From: Craig Ringer <craig(at)postnewspapers(dot)com(dot)au>
To: Radosław Smogura <mail(at)smogura(dot)eu>
Cc: pgsql-jdbc(at)postgresql(dot)org
Subject: Re: Unable to commit: transaction marked for rollback
Date: 2010-07-04 02:20:22
Message-ID: 4C2FEFE6.7010306@postnewspapers.com.au (view raw or flat)
Thread:
Lists: pgsql-jdbc
On 03/07/10 16:36, Radosław Smogura wrote:

> I've looked at error from your example, because I didn't belived such 
> behavior. Unfortunatly it's true. Postgresql disallow to execute next 
> statement if error occured - this is realy bad approach, because error can be 
> from dupliacte keys etc. :(

If you want to handle errors and continue, use a subtransaction with
BEGIN SAVEPOINT and ROLLBACK TO SAVEPOINT.

Most of the time it's a performance advantage - and perfectly suitable
for apps - to avoid keeping a rollback point for each statement, and
instead chuck the whole transaction away if something goes wrong. Most
apps expect to retry the whole transaction if anything goes wrong
anyway, since it's often hard to tell if the issue can be resolved by
retrying just one (possibly altered) statement or not.

It's also safer. If Pg allowed a transaction to continue after an INSERT
failed, it'd end up committing an incomplete set of the requested
changes and hoping that the user/app noticed. I don't like that - I'd
much rather have to explicitly handle the issue, and otherwise have an
error in a transaction be an error that aborts the transaction, not just
the particular statement that caused the error.

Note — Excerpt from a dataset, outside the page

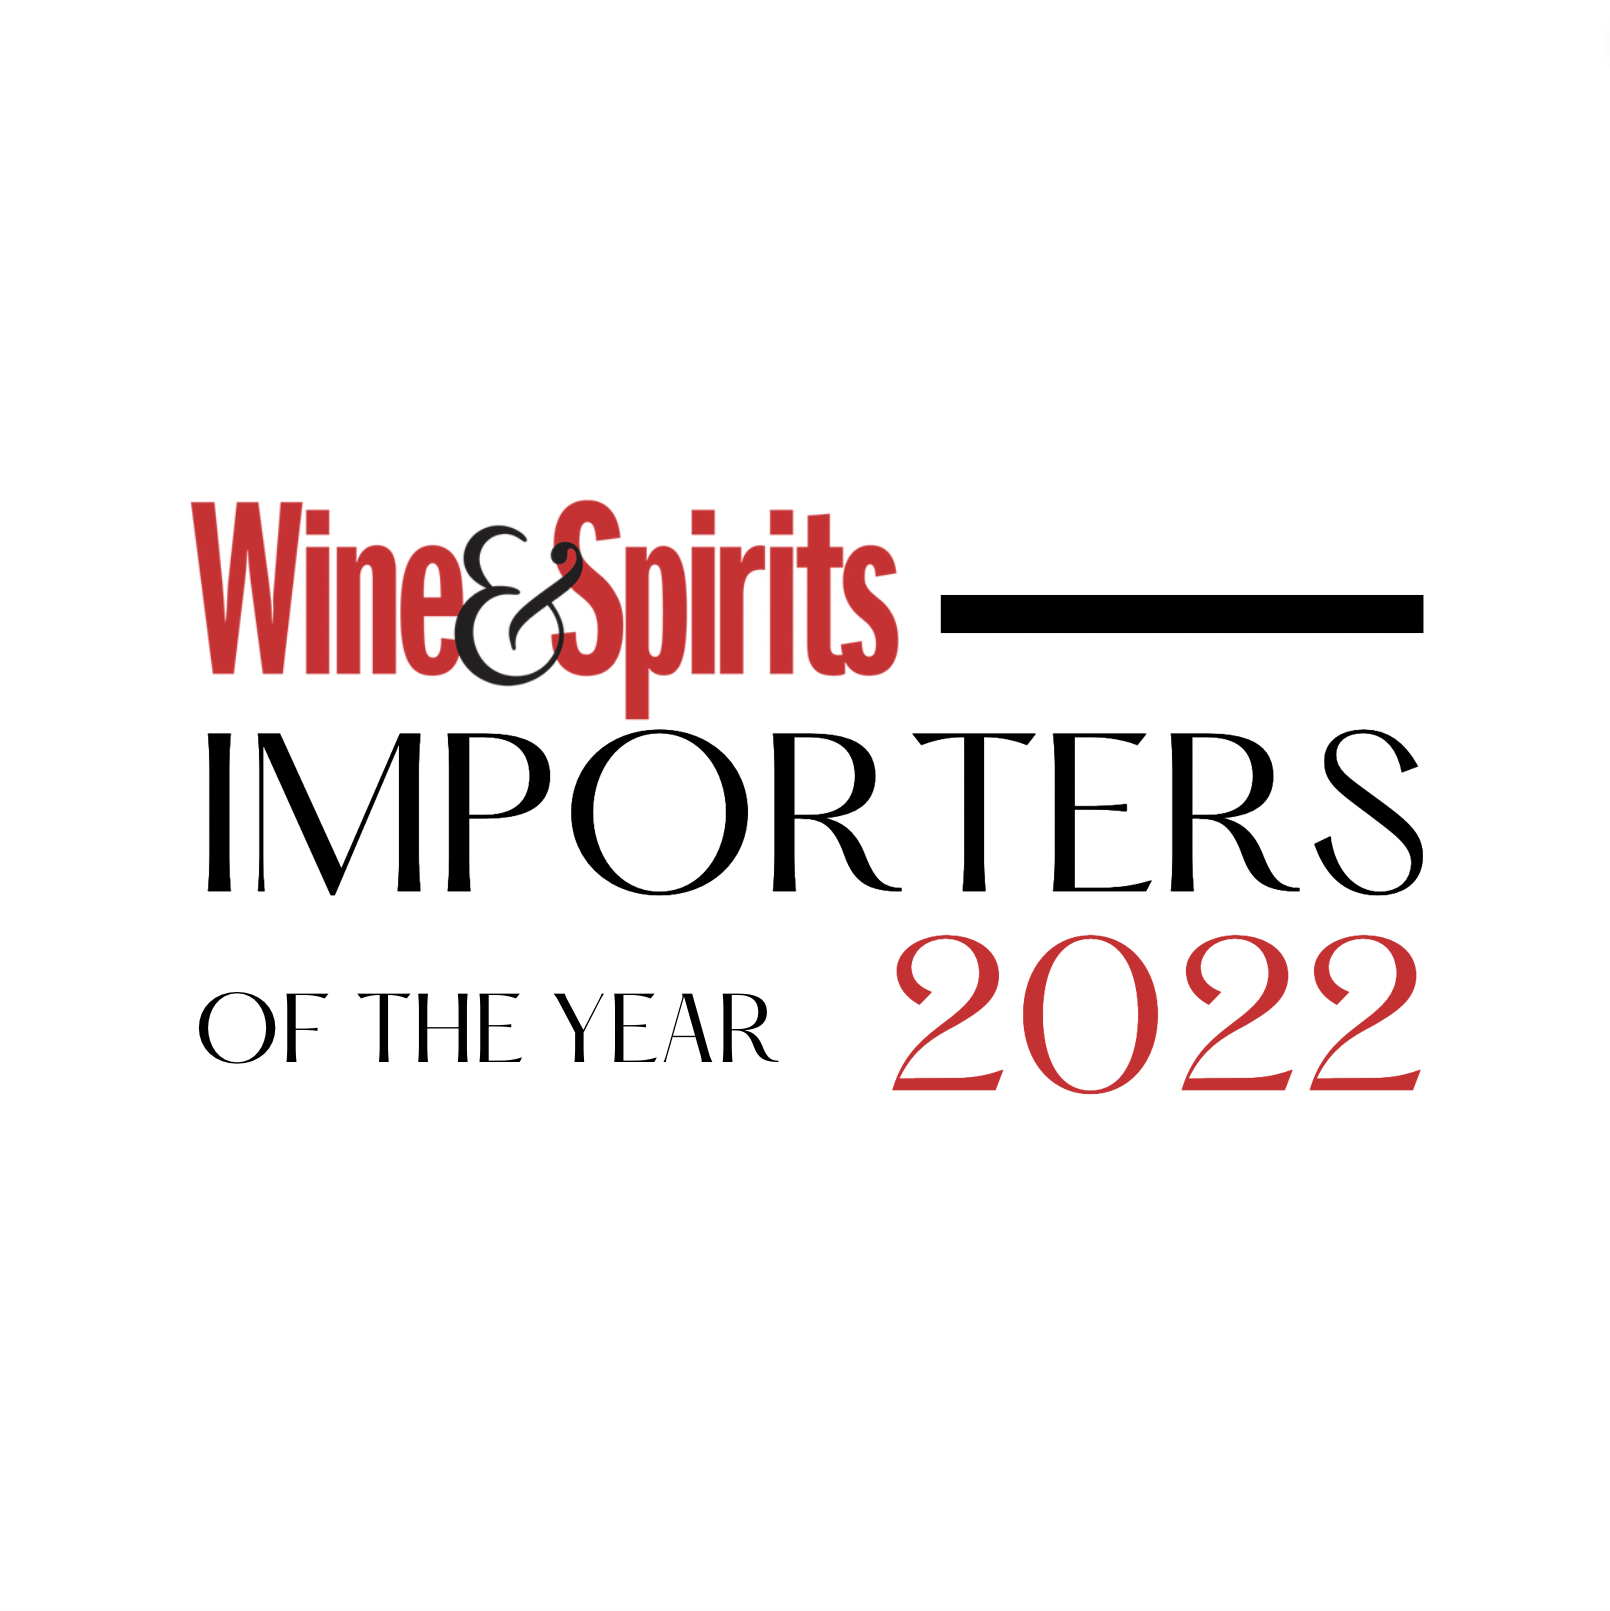 Loosen Bros. USA Named a Wine & Spirits Top Importer of 2022!

For bulk insertion, you're almost always better off copying the data
into a temporary table, cleaning it up if necessary, then using INSERT
INTO ... SELECT to insert it duplicate-free.

I guess an optional mode that issued an implicit savepoint before each
transaction and allowed "ROLLBACK TO LAST STATEMENT" would be nice,
though, as a convenience to avoid all the savepoint management on the
rare occasions when you do want statement-level rollback.